Objective To determine accuracy of the Rose Angina Questionnaire (RAQ) for diagnosing coronary heart disease (CHD) among Bangladeshi adults, by comparing the classification based on the questionnaire with cardiologists' diagnosis.

Methods A case-control study of non-smoking Bangladeshi adults aged 40–75 years, was conducted in 2010. Cases were incident cases of CHD from two cardiac hospitals if diagnosed as such by the cardiologists; controls were non-cardiac patients from cardiac outpatient departments. One control was matched to each case on age and gender. Full version of the original RAQ questionnaire was used for study participants.

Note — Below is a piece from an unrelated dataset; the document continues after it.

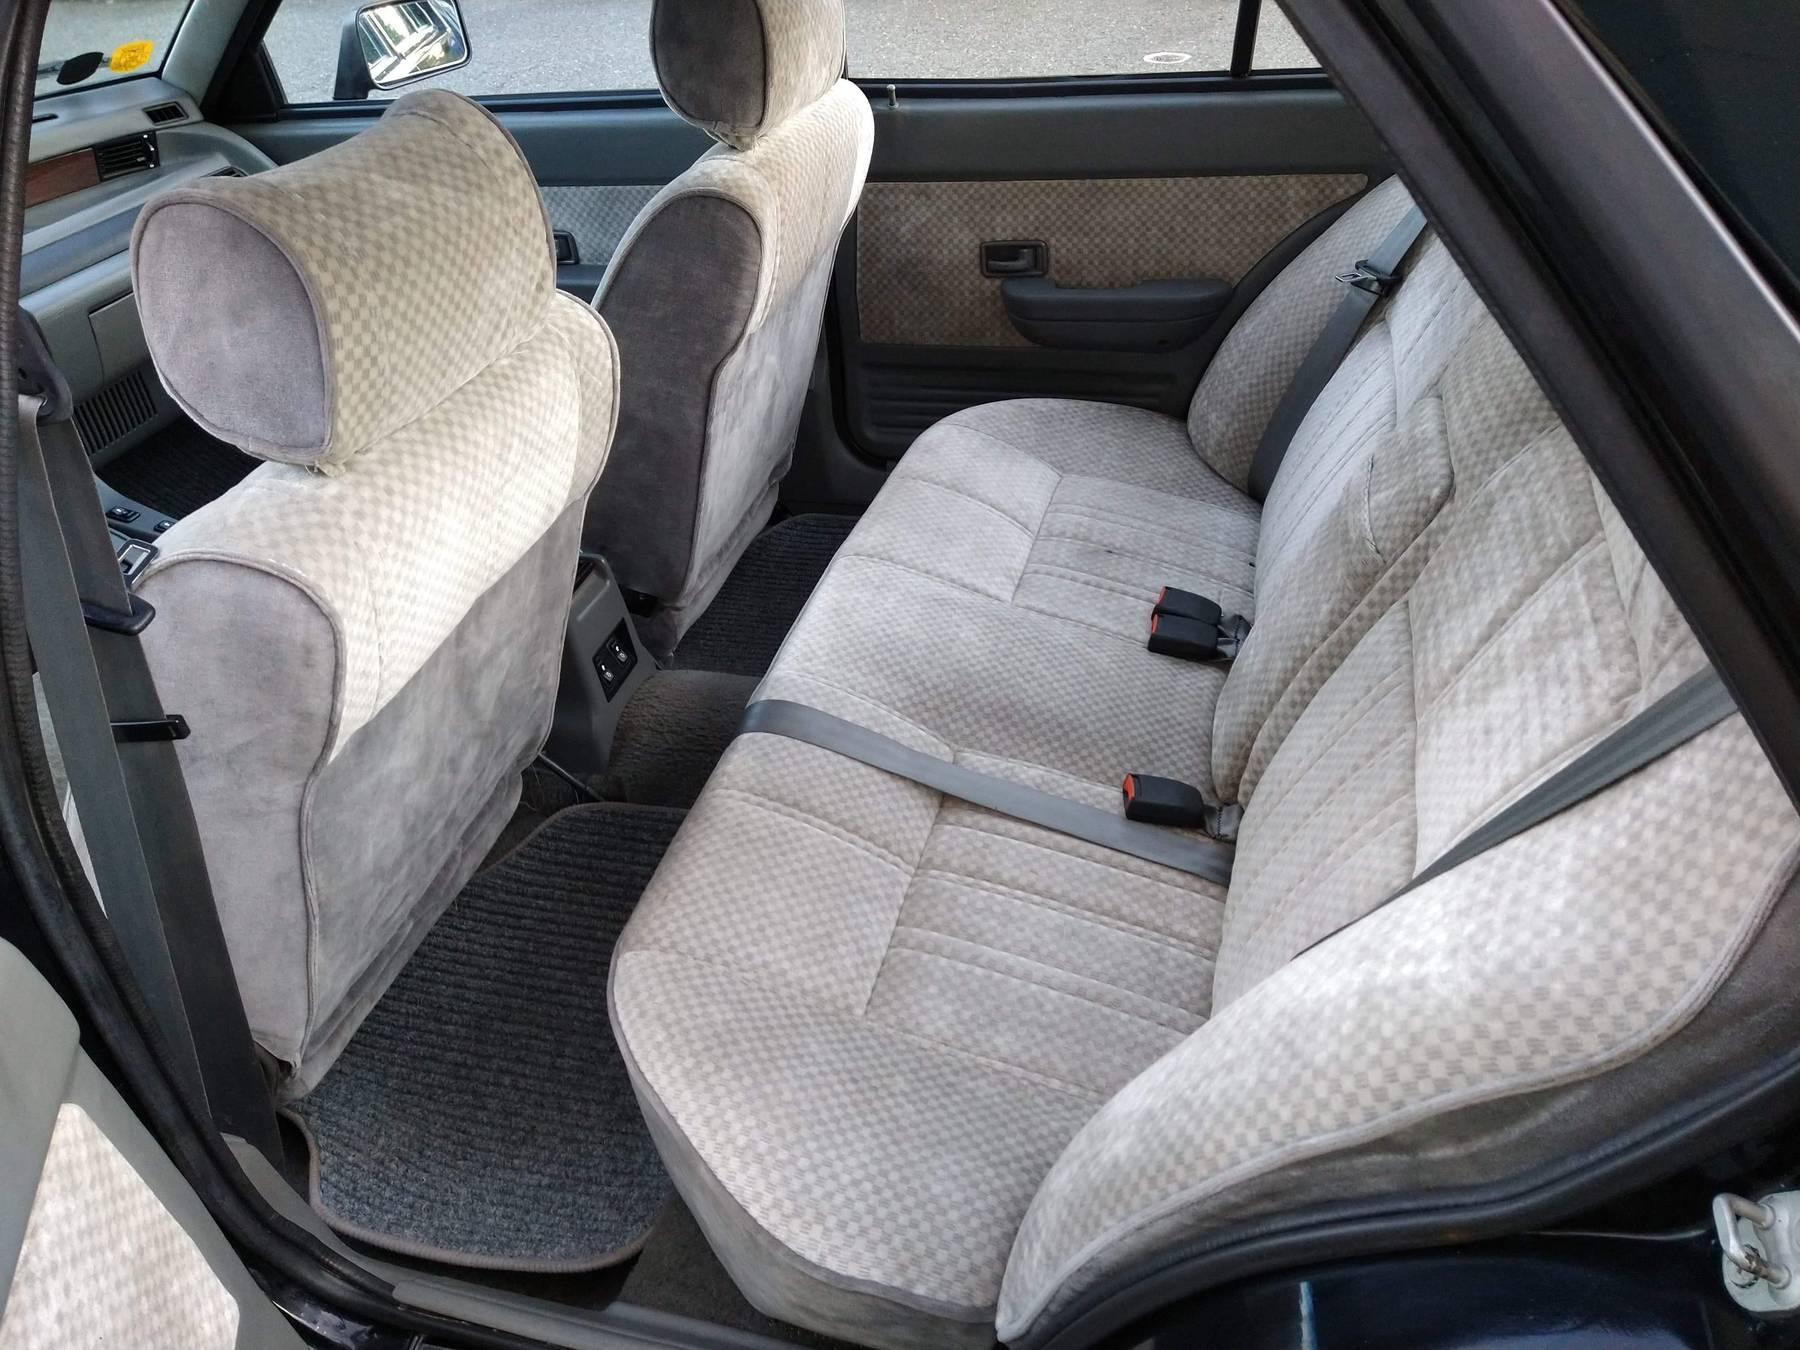 1986 Hyundai Stellar Executive rear seat
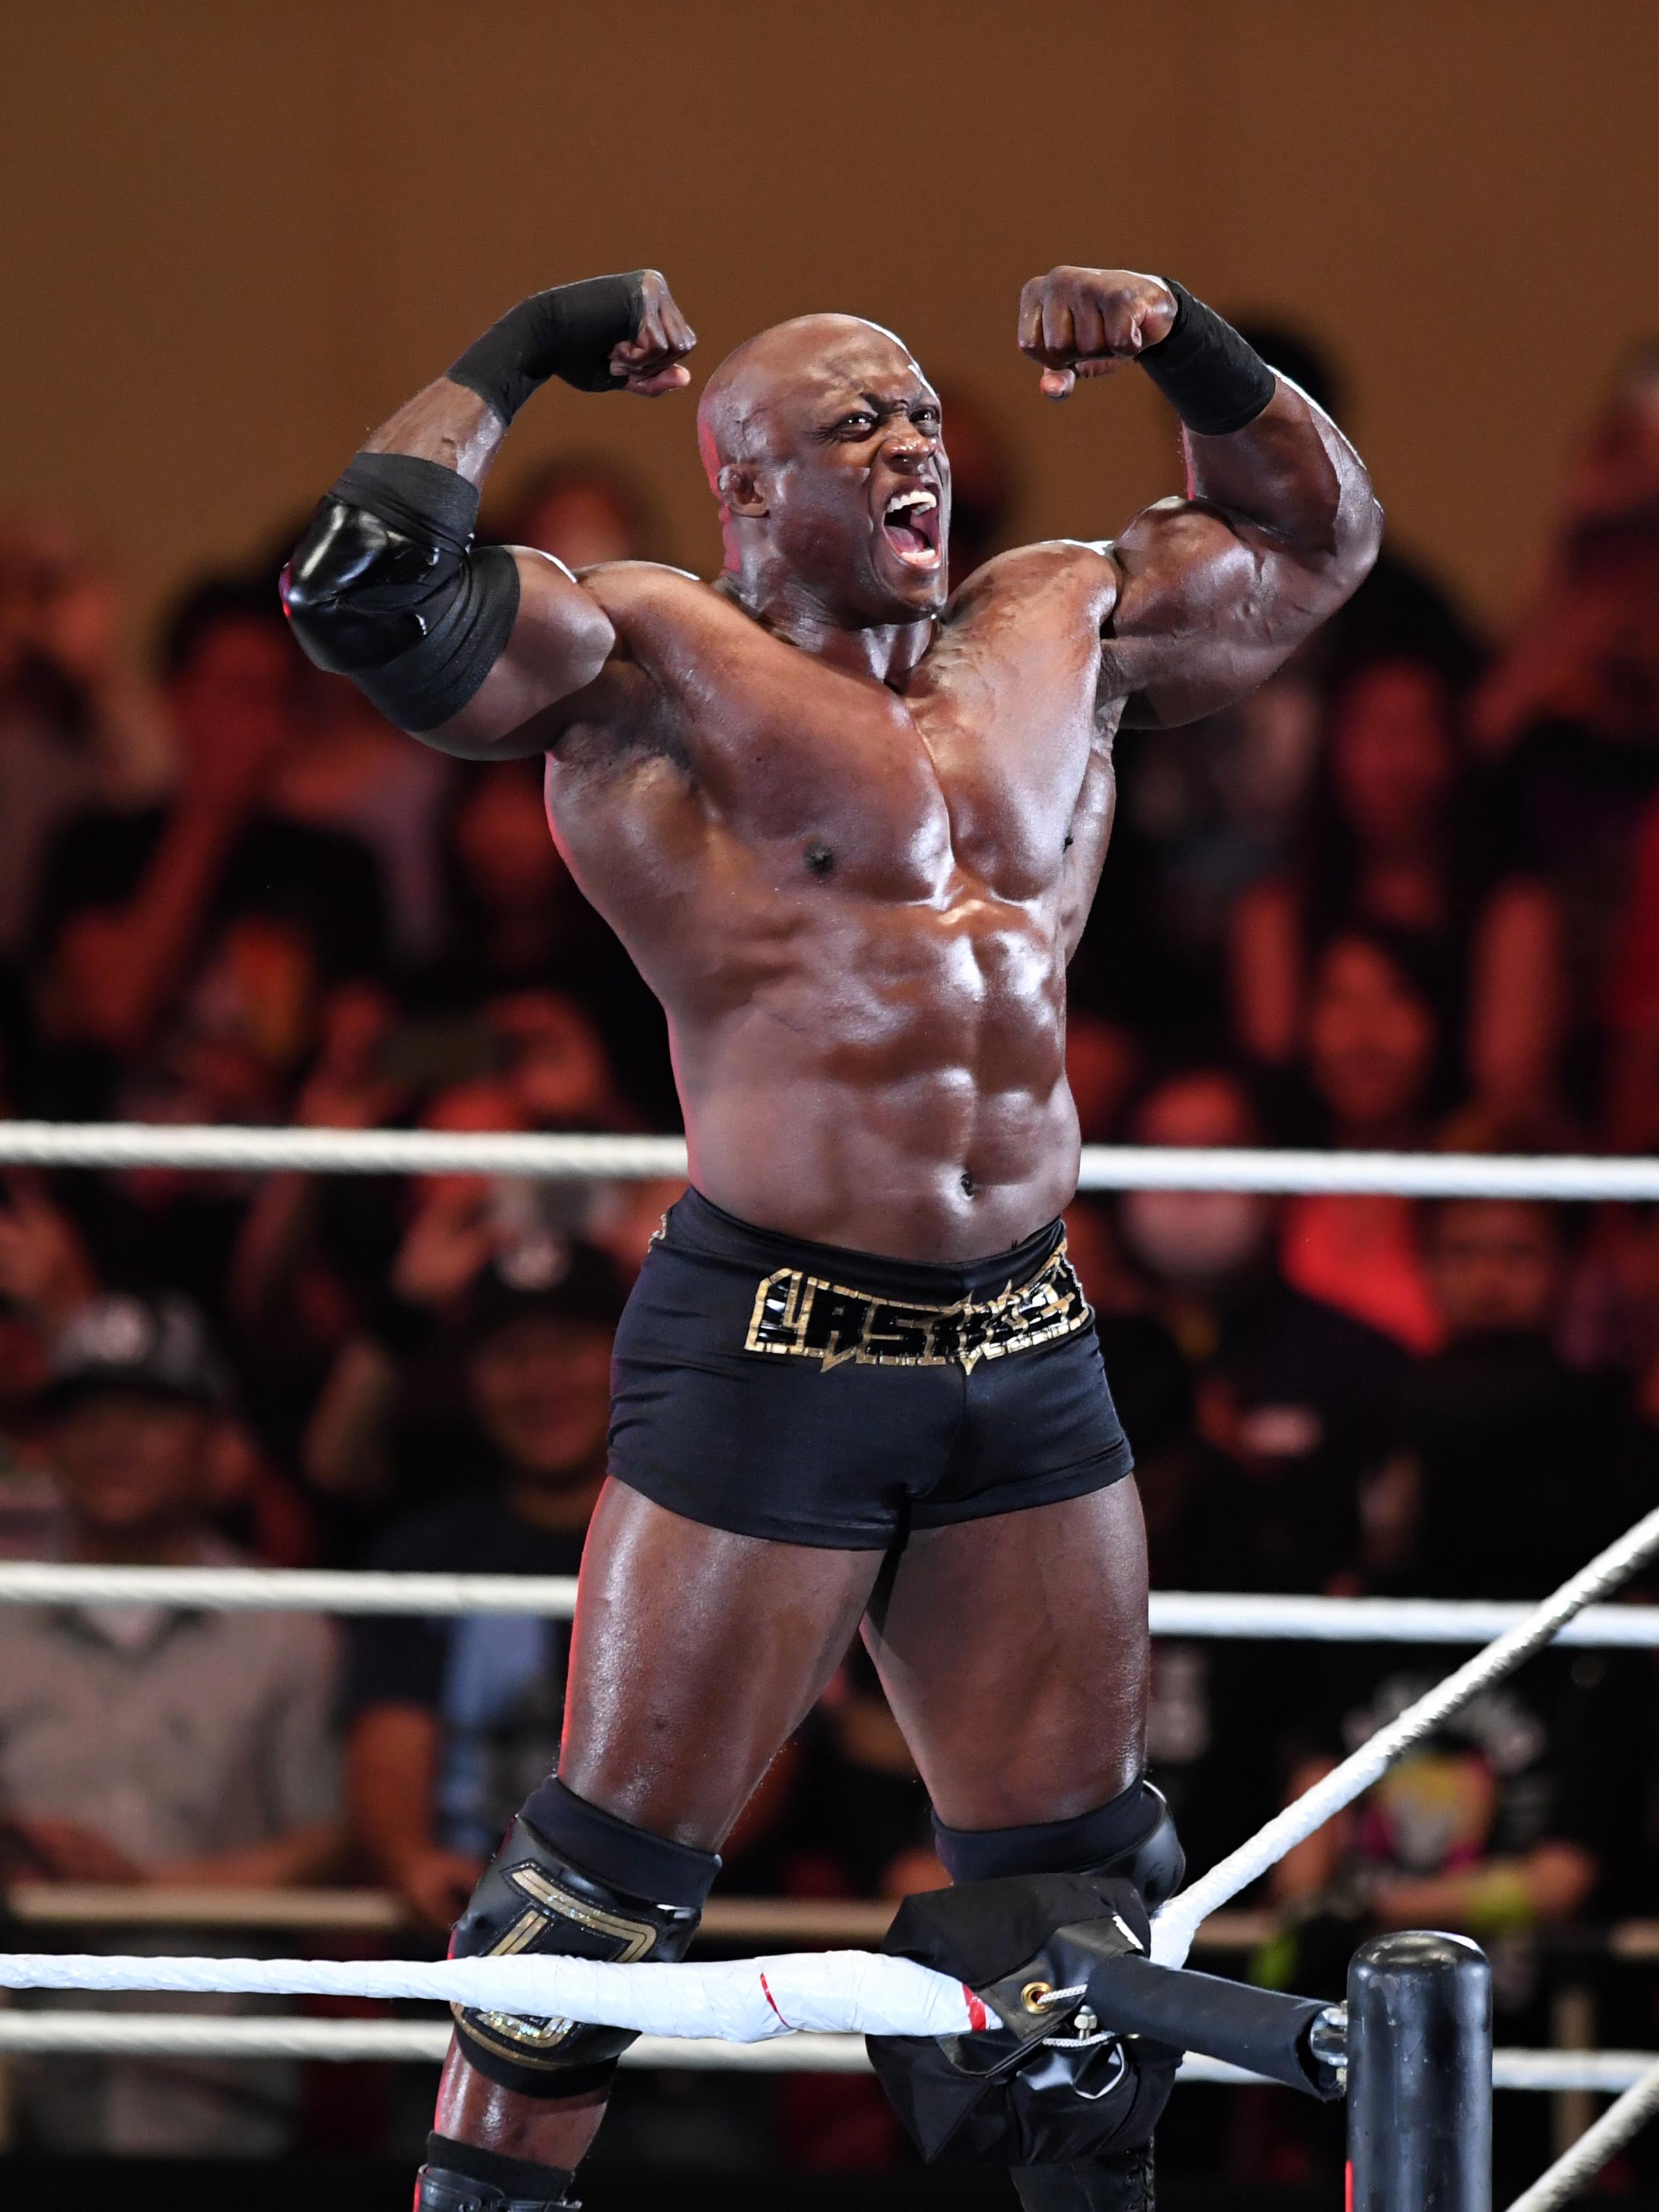 Bobby Lashley enters the ring during the WWE Live Tokyo at Ryogoku Kokugikan on June 29, 2019 in Tokyo, Japan.

Results The sample comprised 302 CHD cases and 302 controls (mean age 53±8.5 years). RAQ detected 194 cases (32%) and 409 controls (68%) from either hospital. RAQ categorised 17.5% of sample as having CHD who were considered not to have CHD by the cardiologists; RAQ categorised 34.5% of sample as not suffering from CHD, who were diagnosed as having CHD by the cardiologists. Among 301 CHD cases, 160 (53.2%) were diagnosed as CHD by both hospital cardiologists and RAQ. Among 302 controls, 268 (88.7%) were diagnosed as not having CHD by both hospital cardiologists and RAQ. CHD patients are five times more likely to have RAQ positive result compared to controls.

Conclusion The RAQ had sensitivity of 53%, specificity of 89% and likelihood ratio positive of 4.8 in diagnosing CHD among Bangladeshi adults compared with diagnosis by cardiologists. RAQ can be used as an alternate tool for diagnosing CHD at field sites where there are limited resources.